FX Harsono, The Light of Spirit, 2025, plastic electric candles, LED bulbs, cast cement, wood. 200 x 174 x 200 cm.
Image courtesy of 10 Chancery Lane Gallery and the Artist.
Curated by Singaporean curator Lola Lenzi, 10 Chancery Lane Gallery’s Beauty Will Save the World features eight Southeast Asian artists who engage with themes of incarceration, war, abuses of power, displacement, and environmental destruction. The exhibition’s title, plucked from the haunting lines of Dostoyevsky’s The Idiot, serves to suggest that life’s joys, such as the scent of coffee beans or the soft sunshine upon one’s face, can translate into a tool of defence against suffering, a sentiment particularly relevant today in the face of global conflicts and frequent natural disasters.
A particularly attractive installation, FX Harsono’s The Light of Spirit, 2025, takes the form of a mint of electric plastic candles and LED bulbs which are positioned above a cast cement slab. Manifesting the exhibition’s powerful themes, the slab is inscribed with the names of Indonesians of Chinese descent who were massacred in Java from 1947 to 1949.
Functioning as a meditation on memory, loss, and the transcendence of the human spirit beyond death, the faint glow of yellow and red candlelight against the shadowy black backdrop creates an intimate and triumphant image. Visualising the exhibition title, the beauty of candlelight, and the warm atmosphere it produces, continues to burn on and conquer the dark. Here, the dark embodies the horrors of what the Indonesian artist revokes upon the surface of the slab below. The candles cast light upon the words, enabling the viewer to read its content and acknowledge Indonesia’s violent colonial history under Dutch rule.
Wu Jiaru, docile_body_I_ii, 2025, charcoal and oil on linen, 58 x 300 cm.
Image courtesy of Flowers and the Artist.
London- and Hong Kong-based gallery Flowers presents Apollo Center, a solo exhibition featuring the work of Wu Jiaru. The Hong Kong artist creates her paintings through a process of automatic drawing, taking inspiration from a diverse range of influences, including Francis Bacon, Greek mythology, celebrities, and consumer culture. Her artwork, bursting with bright colour and haphazard images, is inspired by the spirit of rebellion against the status quo and calls for an intimate conformation with how the viewer exists within their natural environment.
In Wu’s large-scale mixed-media work, docile_body_I_ii, 2025, the artist invites collectors to destroy her work. Collectors will be able to select a section of the painting, which will then be cut out and framed upon purchase. By having her work torn apart, Wu invites visitors to participate in a boarder critique of artistic ownership.

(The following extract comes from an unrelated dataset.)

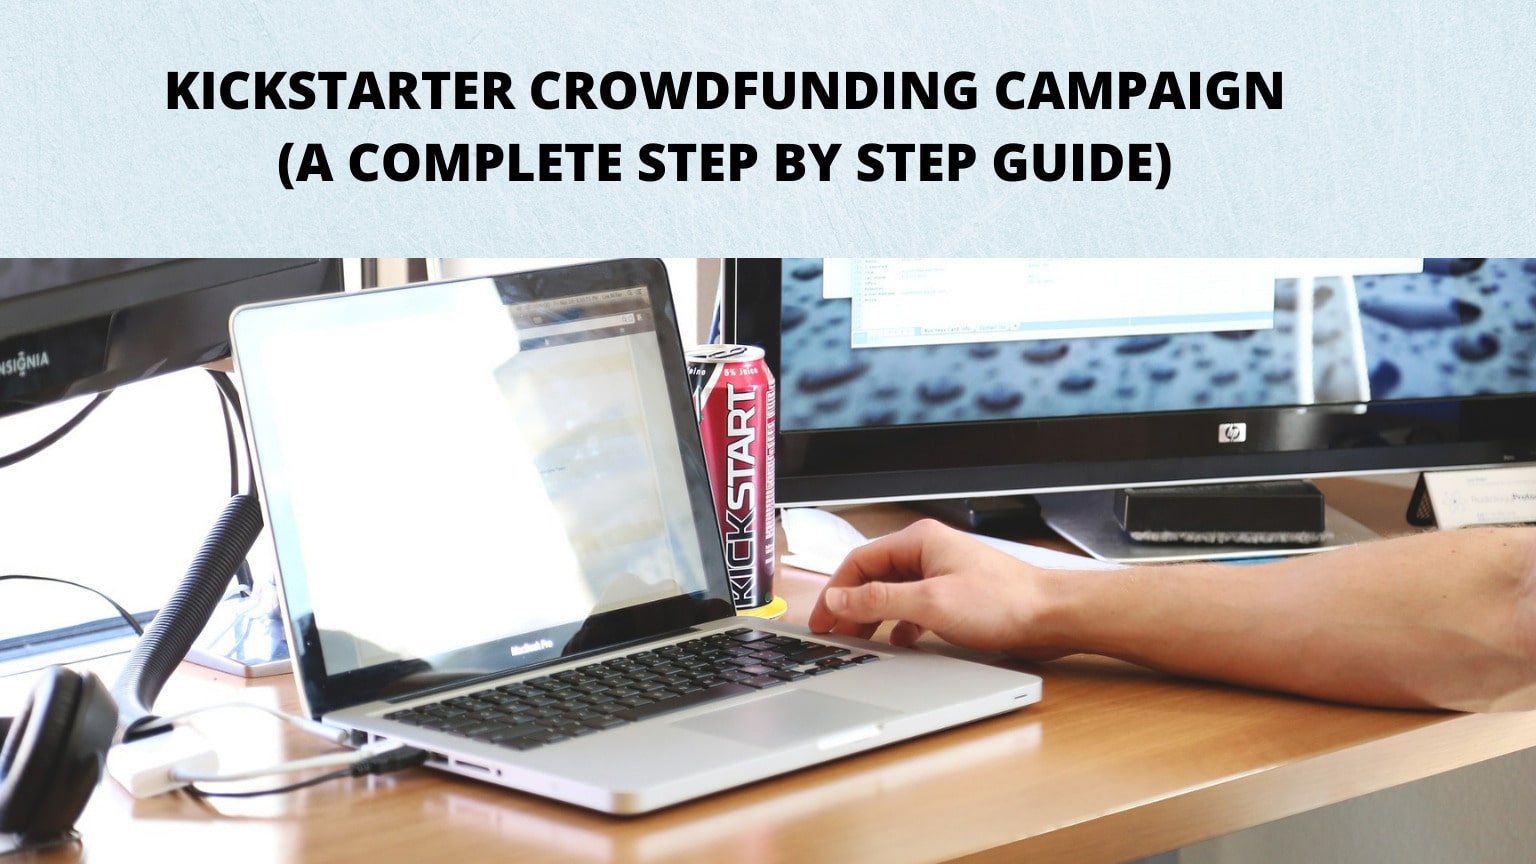 Kickstarter Crowdfunding Campaign – A Complete Step by Step Guide

Composed of frenetic, gestural lines in orange, green, blue, and purple, layered with charcoal sketches of both human and animal faces, the zoomorphic image encourages an additional conversation with the viewer. The viewer is called to confront their biblical status as a steward(ess) of Earth and their relationship with nature. Further, the blurred boundaries of the figural sketches and positive colour palette promotes a harmonious and intimate connection to the natural world.
These artworks are only two of many incredible and ground-breaking works on show at this year’s Art Basel Hong Kong. I encourage you to have a further look.